Dalle riflessioni degli operatori emerge chiaramente l’affaticamento nel portare avanti una misura molto articolata e complessa, che sta richiedendo un impegno importante su diversi fronti, dal momento che gli operatori sono impegnati sia nel lavoro con le persone anche nella strutturazione della rete allargata di operatori necessaria al corretto funzionamento della misura.
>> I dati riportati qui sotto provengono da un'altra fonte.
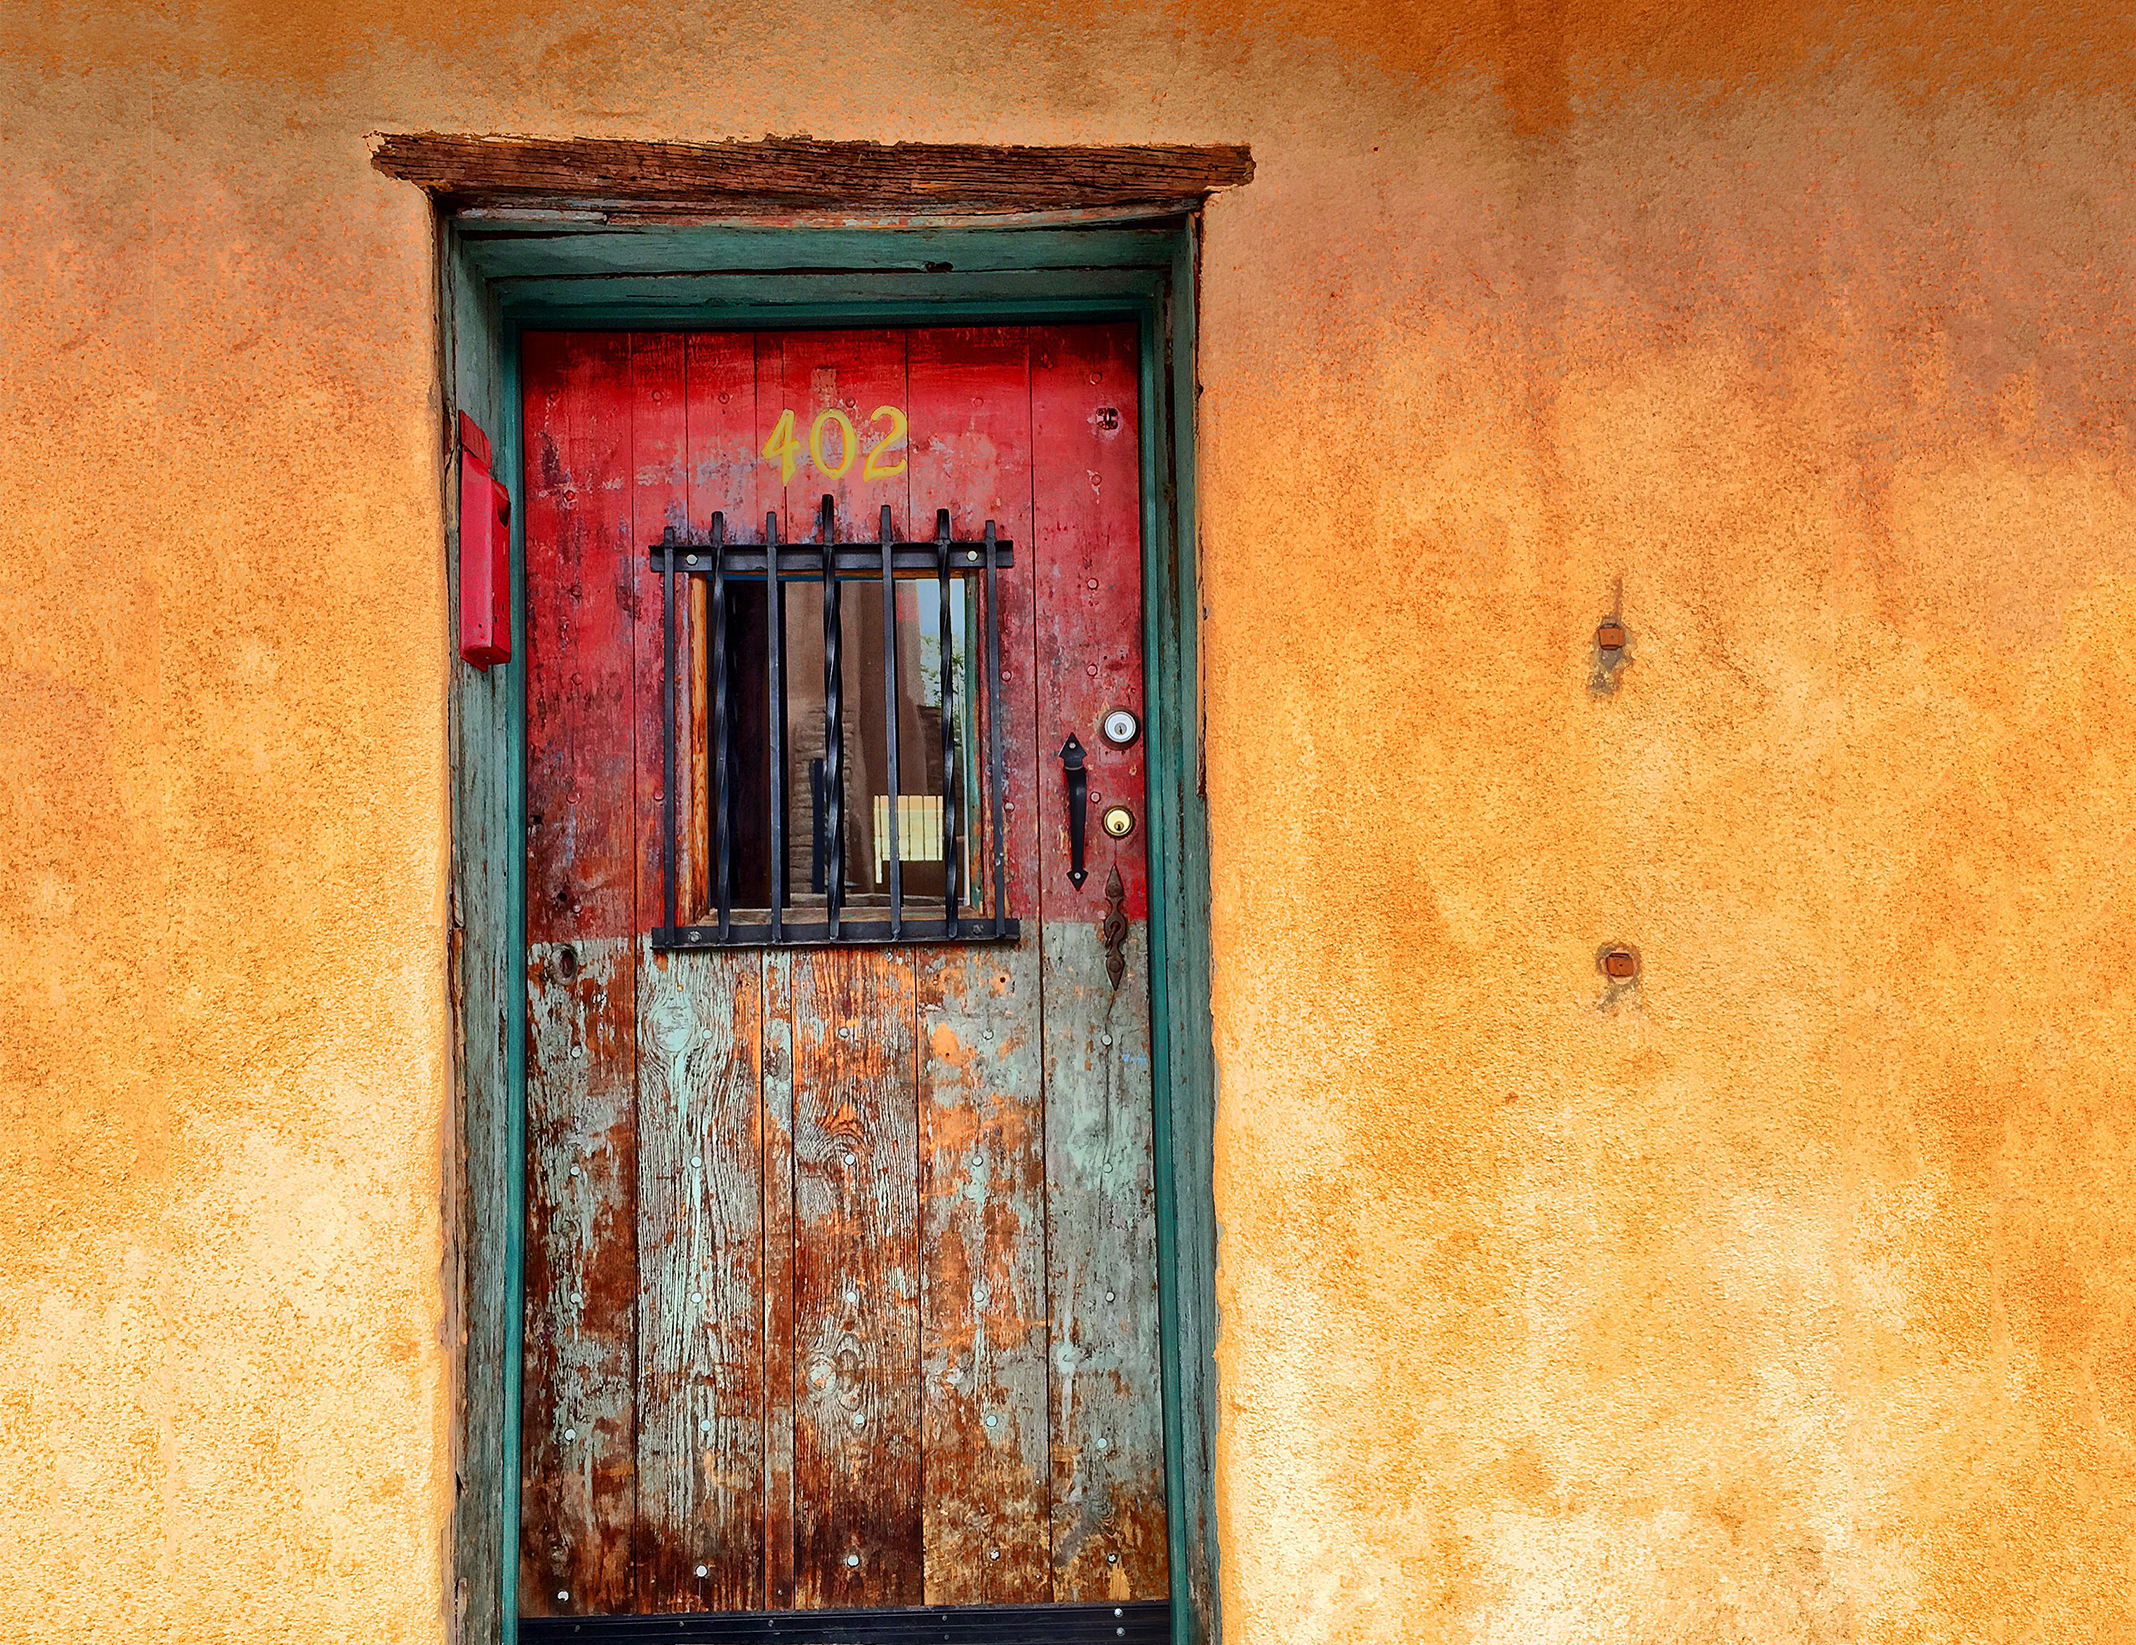 Santa Fe door2.jpg

(…) Quello che vivo con tantissima ansia è questa modalità di gestione. Nel senso le scadenze ed i controlli, che appunto se avessi un numero di utenti accettabile e facessi solo quello va bene, ma nelle condizioni in cui sono, quindi di gestione di tutto l’aspetto amministrativo, di dover scrivere gli atti e via dicendo, non è assolutamente gestibile.”

(Intervista 6 A.S.)

Dopo un anno di esperienza e grazie ad una nuova rimodulazione delle risorse, il Comune di Portogruaro, quale capofila dell’Ambito ha ridefinito l’utilizzo dei fondi destinandone una parte proprio all’assunzione di ulteriore personale che verrà incaricato di supportare gli operatori dei Comuni per la progettazione individualizzata. Ciò garantirà da un lato un certo sollievo rispetto al carico di lavoro e dall’altro lato anche una maggior qualità della progettazione, in quanto i professionisti Assistenti Sociali assunti con questa parte dei finanziamenti potranno specializzarsi nell’utilizzo della strumentazione ed anche garantire maggiore preparazione nei temi legati al lavoro.

“(…) ci sarà appunto con una rimodulazione una implementazione del

personale per quanto riguarda l’ambito insomma del Veneto Orientale. Ulteriori A.S. verranno assunti a supporto degli operatori sul territorio.